Apple’s Succession Wars Start. Here’s Who Might Take Tim Cook’s Spot

shutterstock 2679852497

Tim Cook may be getting ready to leave his position as Apple CEO.

That’s according to the Financial Times, which reported on Saturday that the tech giant was conducting succession planning with the expectation that Tim Cook could resign from his post as soon as next year.

Cook, who turns 66 next year, took over the helm of Apple from founder Steve Jobs and led the company for more than 14 years amid record market valuation spikes and controversies worth its trillion-dollar fortune.

Many are curious to know who could be the third head to lead the company after Cook’s departure. Over the years, many names have come up, ranging from Apple’s senior vice president of software engineering Craig Federighi (famous for his presentations and his full hair) to Greg Joswiak, senior vice president of worldwide marketing, and Apple’s chief operating officer Jeff Williams, who used to top that list before resigning from his position earlier this year.

Now the Financial Times reports that the frontrunner is John Ternes, Apple’s senior vice president of hardware engineering.

Ternes, aged 50, is currently Apple’s youngest top executive, and has been with the tech giant for nearly 24 years.

His name first came into constant conversation when a 2024 Bloomberg report claimed that Cook thought Ternes “could give a good presentation.” According to an unnamed source close to Bloomberg’s executive team, that report said Turnes is “very mild-mannered, never puts anything controversial in an email, and is a very reticent decision-maker.”

They have also played a more central role at Apple events, from the unveiling of Apple’s first in-house silicon chip, the M1, in 2020 to the announcement of the highly anticipated iPhone Air earlier this year.

Compared to Cook’s operations-heavy background, Turnus is more engineering-focused. Armed with both a bachelor’s in engineering and an MBA, Tim Cook rose to the position of chief operating officer at Apple, focusing on sales and supply chain management.

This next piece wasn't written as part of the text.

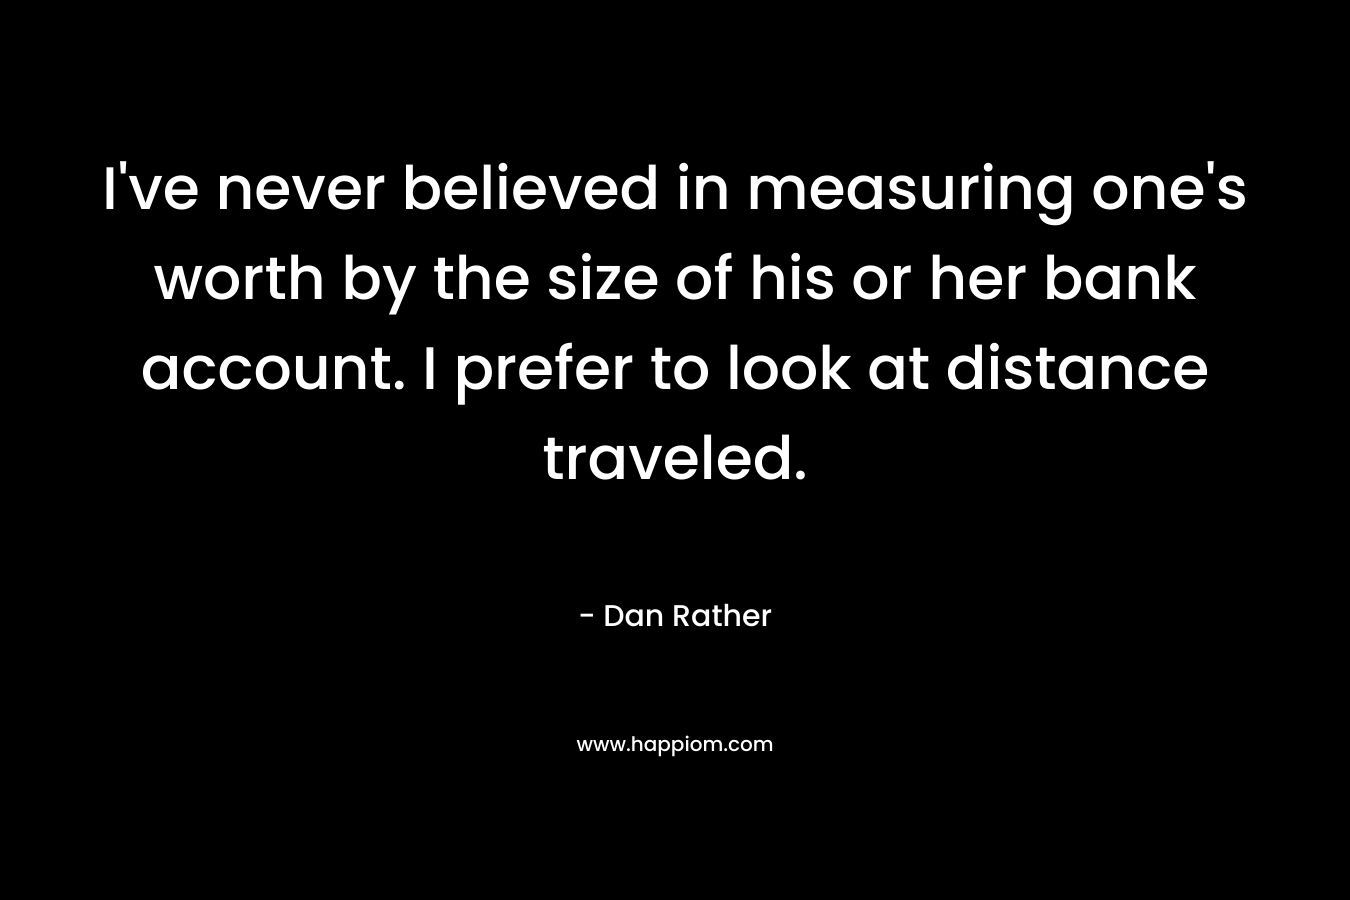 I’ve never believed in measuring one’s worth by the size of his or her bank account. I prefer to look at distance traveled. – Dan Rather

Turnas, on the other hand, earned a bachelor’s degree in mechanical engineering from the University of Pennsylvania in 1997. Before joining Apple’s product design team in 2001, he worked on virtual reality headsets as an engineer at Virtual Research Systems.

He worked his way up to a leadership position in the company’s hardware team in 2013 and was promoted to lead all hardware engineering in 2022. AirPods, Macs, iPads, iPhones, you name it, Ternus has had a hand in producing it.

Turnus has the potential to be a breath of fresh air for some Apple fanatics who have blamed Cook for a perceived slowdown in innovation. Under Cook’s leadership, Apple has released many new products, but upgrades to said products have been considered incremental rather than revolutionary and sometimes even boring.

The company has also been criticized for the failed launch of Apple Vision Pro and its self-evident failure to catch up to competitors in the AI ​​race, this has become even more flaring in light of the delayed launch of AI-augmented Siri. Bringing in an engineer-first executive who has participated in nearly all of Apple’s most significant product launches over the past 24 years could perhaps help address some of these failures.